=== Work item ===
Dropping every picture, set down exactly the lines in the entries below, starting with the line with "Screen-Shot-2021-04-19-at-3.31.52-PM Stock Market" and going on through the line with "4 1 Jpg 1600".

=== The input ===
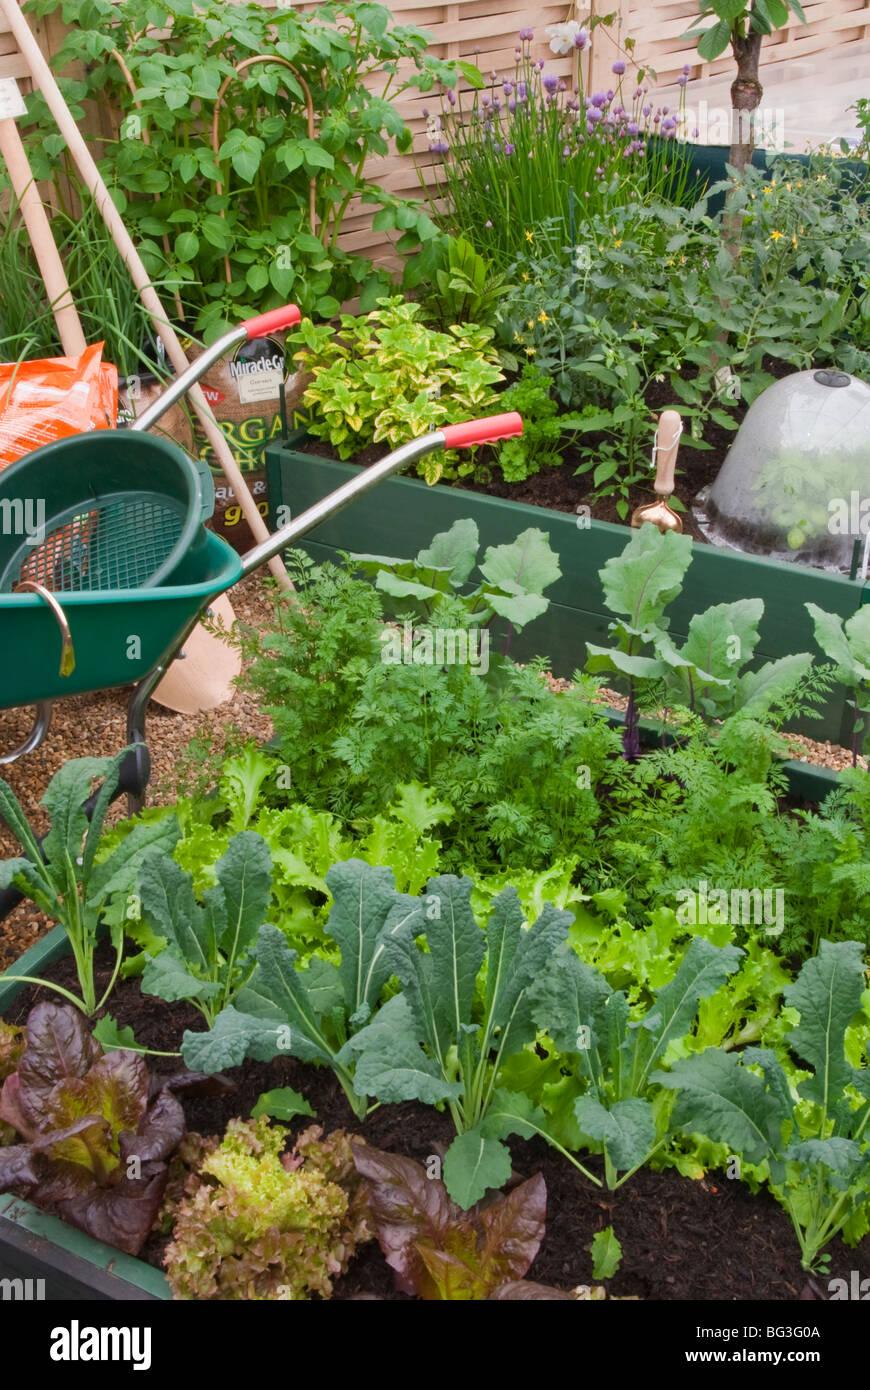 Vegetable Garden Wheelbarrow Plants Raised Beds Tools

---

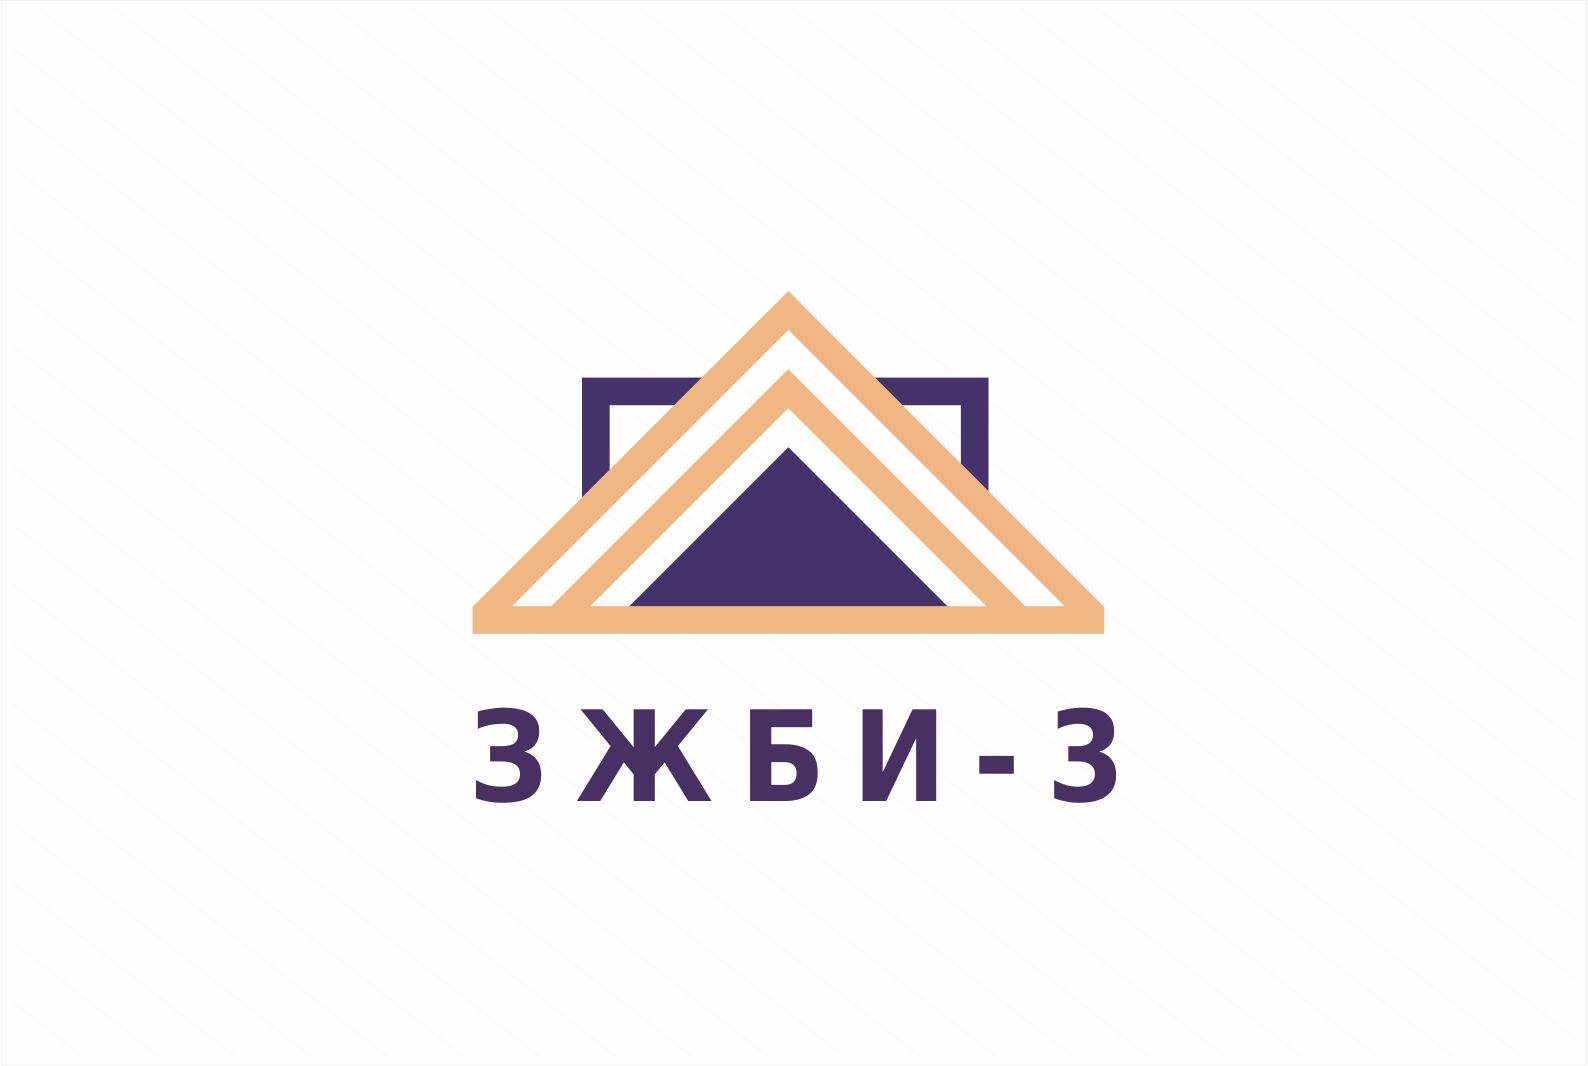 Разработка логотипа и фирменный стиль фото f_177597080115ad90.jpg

==

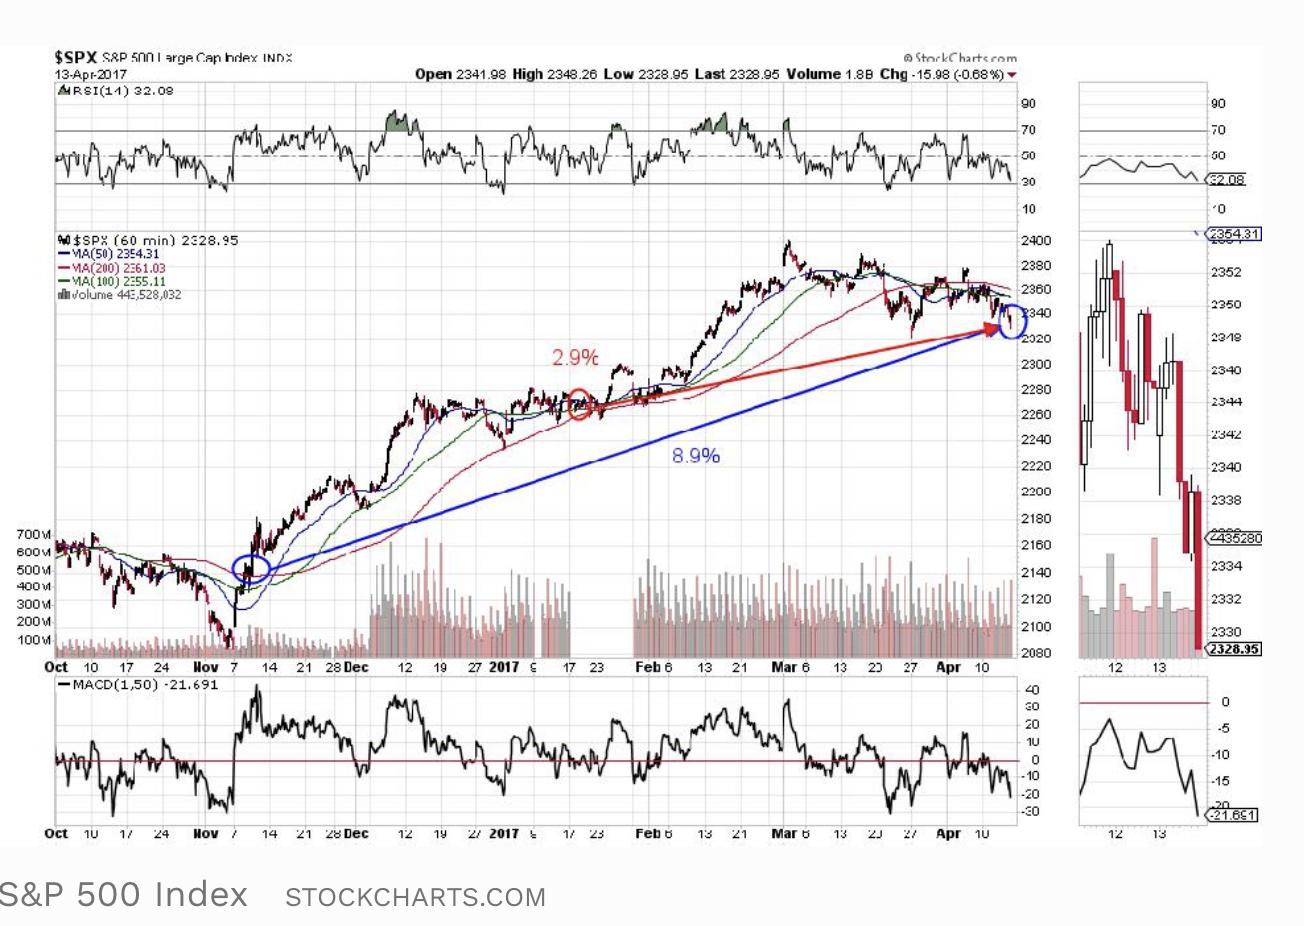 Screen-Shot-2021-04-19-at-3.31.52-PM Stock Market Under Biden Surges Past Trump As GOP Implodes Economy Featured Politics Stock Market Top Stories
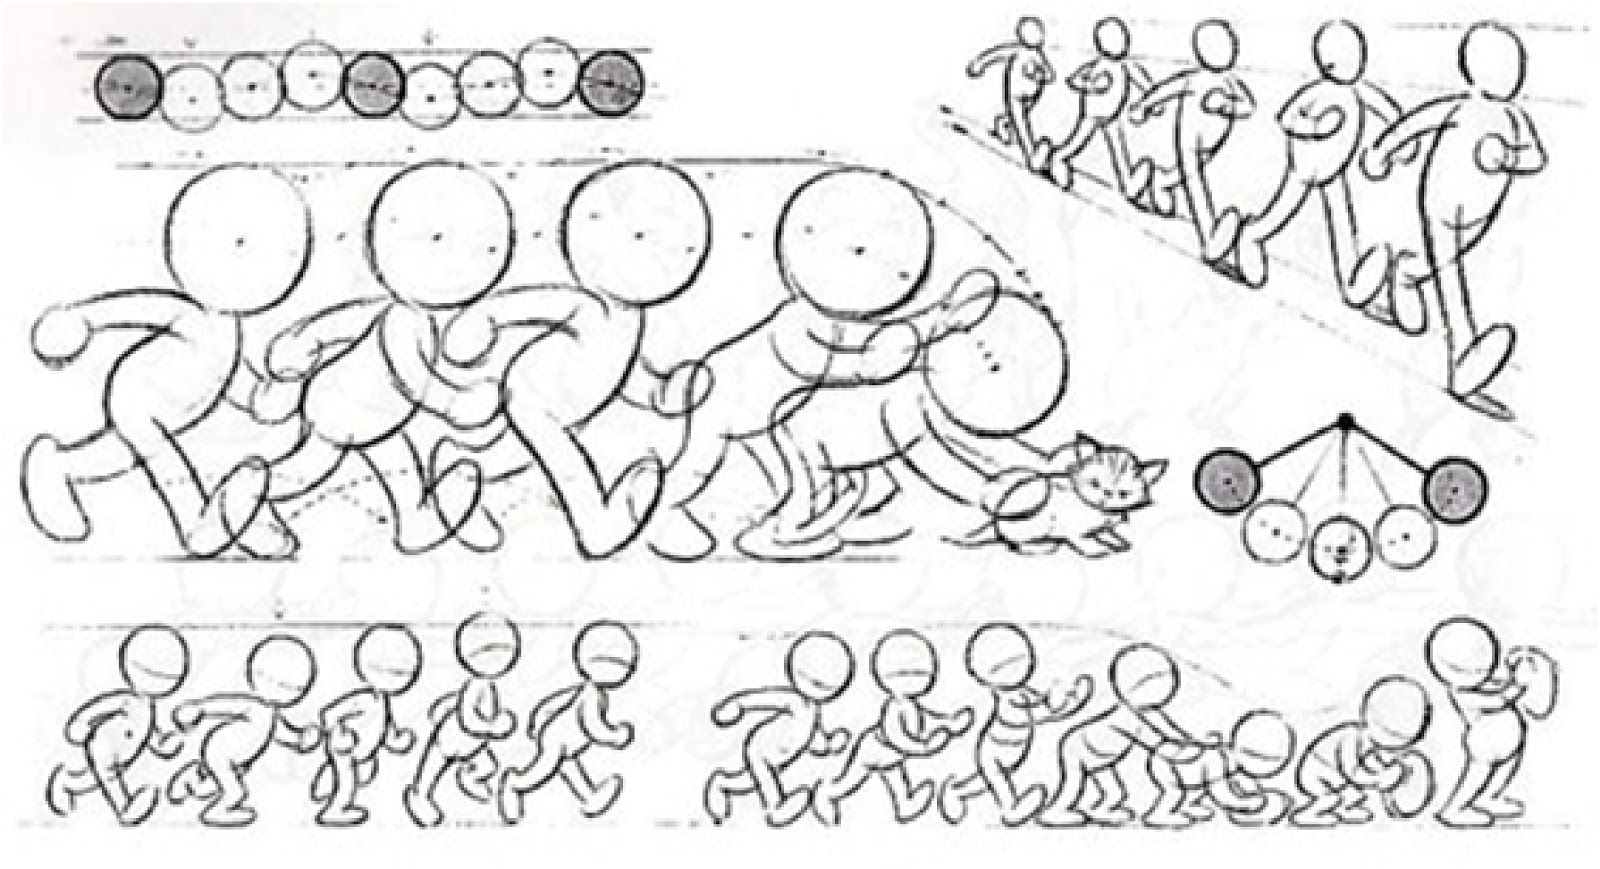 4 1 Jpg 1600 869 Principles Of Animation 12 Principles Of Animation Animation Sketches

=== Solution ===
 Screen-Shot-2021-04-19-at-3.31.52-PM Stock Market Under Biden Surges Past Trump As GOP Implodes Economy Featured Politics Stock Market Top Stories
 4 1 Jpg 1600 869 Principles Of Animation 12 Principles Of Animation Animation Sketches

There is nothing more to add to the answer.